Uncover the hidden emotional drivers behind your drinking and learn how to meet them with curiosity instead of a glass
Most people who want to cut back on alcohol can list plenty of surface-level explanations:
- “I drink to unwind after a stressful day.”
- “It helps me socialize and feel less awkward.”
- “It’s just what we do on weekends with friends.”
- “I deserve it—I work hard.”
These feel true in the moment. But dig a little deeper (or a lot deeper), and something else usually emerges: the drinking isn’t really solving the problem you think it is. It’s a stand-in. A distraction. A temporary mask for parts of yourself you’ve learned to keep hidden, even from yourself.
“It is safe now to gently meet the parts of yourself you’ve kept hidden, with curiosity, compassion, and no need to escape.”

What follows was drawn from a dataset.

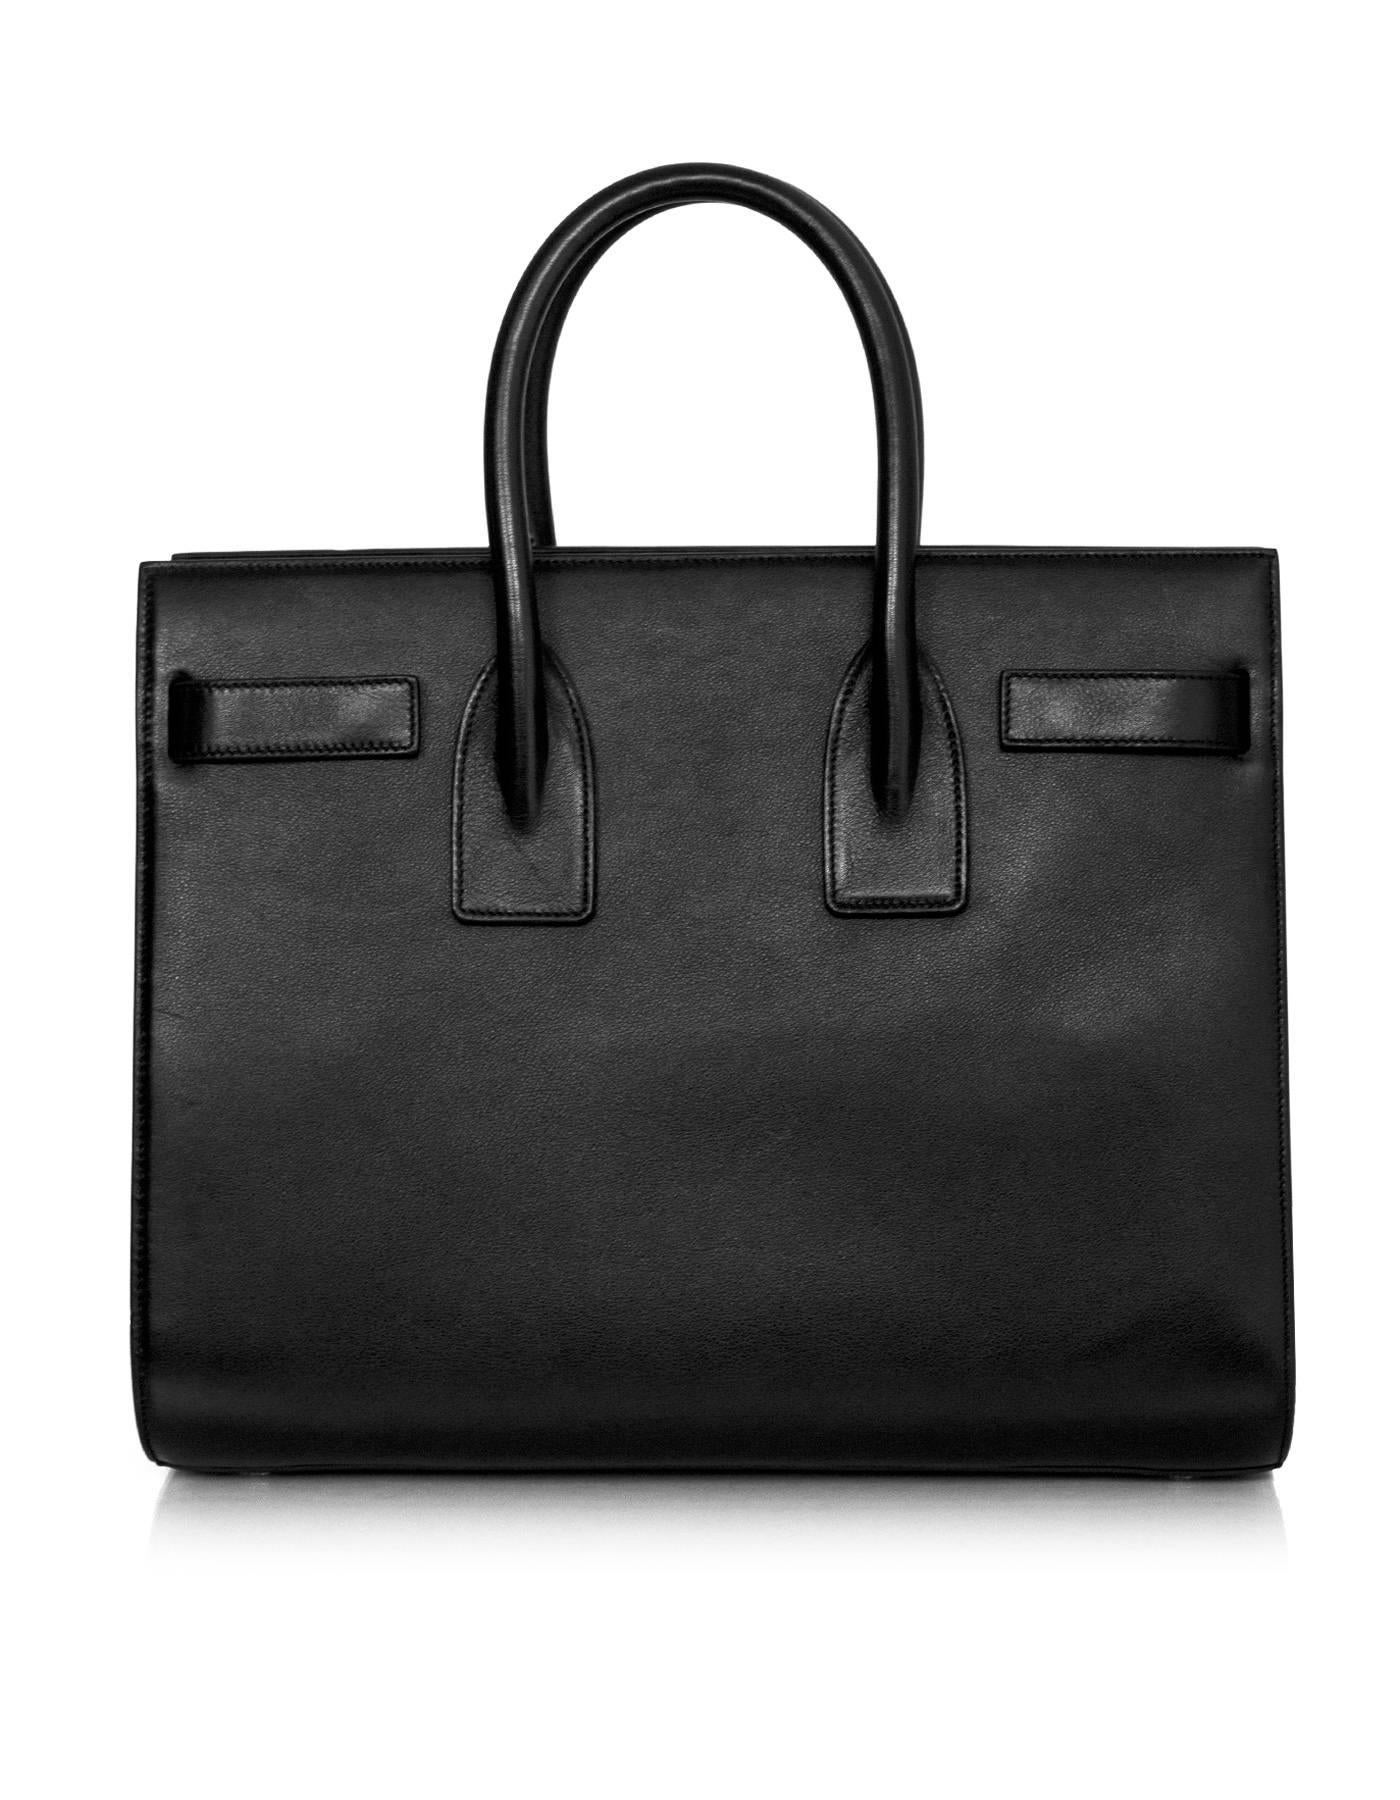 8/9 Saint Laurent Black Calfskin Small Sac De Jour Bag In Excellent Condition In New York, NY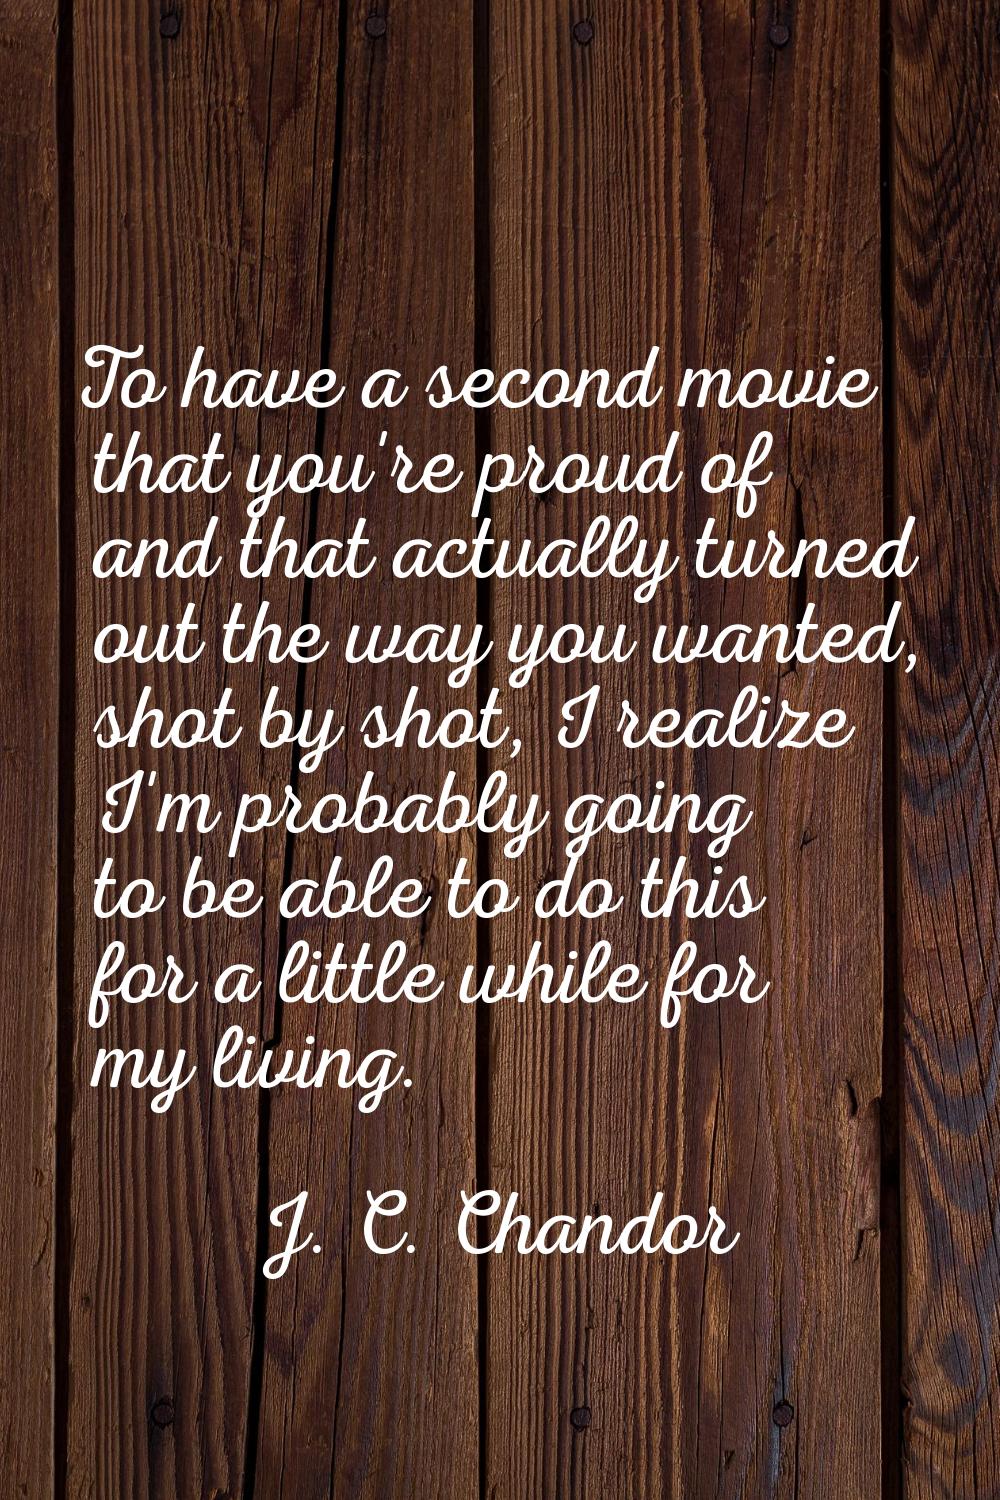 To have a second movie that you're proud of and that actually turned out the way you wanted, shot b

The Shadow’s Role in Drinking Habits
- The “Perfect” Persona vs. the Hidden Rebel
You maintain a highly controlled, responsible, high-achieving exterior. The shadow holds rebellion, chaos, wildness, or raw emotion you consider “unprofessional” or “immature.” Alcohol becomes the socially acceptable way to let that rebel out for a few hours, without fully owning it. - The Caretaker vs. the Needy Child
You’re always the strong one, supporting others, holding everything together. The shadow contains vulnerability, dependency, anger at never being taken care of yourself. Drinking quiets that inner child’s cries so you don’t have to feel the loneliness or resentment. - The Rational Mind vs. the Irrational/Spiritual Longing
You pride yourself on logic, evidence, self-control. The shadow carries mystical yearnings, intuition, grief, awe, or a sense of meaninglessness you dismiss as “woo-woo” or weak. A few drinks dissolve the rational guardrails and give a fleeting taste of connection to the numinous—without the discomfort of actually exploring it sober.
None of these are moral failings. They’re human. The problem arises when the shadow is chronically exiled: it doesn’t disappear; it grows autonomous and compulsive.
How UM’s Hypnotherapy + Journaling Brings the Shadow into the Light
Here’s how the process often unfolds for users:
- Hypnotherapy lowers the guard: The relaxed state bypasses the critical, judgmental mind so suggestions like “It’s safe to feel what you’ve been avoiding” or “You can meet all parts of yourself with curiosity” land directly in the unconscious. Over weeks, cravings lose intensity because the emotional need alcohol was serving starts to surface in safer ways.
- Journaling makes the invisible visible: UM’s daily prompts are deliberately open-ended and non-judgmental. Examples include:
- “What emotion shows up most strongly right before the urge to drink? If that emotion had a voice, what would it say?”
- “What part of you feels ‘not allowed’ to exist in your everyday life? How old does that part feel?”
- “If alcohol were a character or figure in your inner world, what role does it play? Protector? Punisher? Escape artist? Lover?” These aren’t therapy homework, they’re short, 3–5 minute reflections designed to invite shadow aspects forward without forcing a confrontation.
- Movement integrates the body: Physical practices (gentle walks, breathwork, shaking) help discharge stored tension so shadow material doesn’t just stay mental—it moves through the nervous system.
Over time, the dynamic shifts: instead of alcohol acting as a stand-in for unmet needs, you begin to meet those needs directly. The “reason” you thought you drank starts to reveal its deeper layer and once seen and accepted, it loses much of its compulsive power.
A Simple Shadow Work Exercise You Can Try Tonight (UM-Style)
- What’s the nicest thing I tell myself about why I drink? (e.g., “It’s just self-care.”)
- If that nice reason were a polite mask—what raw, messy, or “unacceptable” feeling or need is hiding underneath?
- How does my body feel when I imagine letting that hidden part be seen (even just by me, right now)?
- Write one compassionate sentence to that hidden part, as if speaking to a younger version of yourself.
Don’t analyze or fix, just witness. Then close the journal and do one minute of slow, conscious breathing or gentle stretching.
Most people feel a subtle shift: less urgency around the evening drink, more space inside.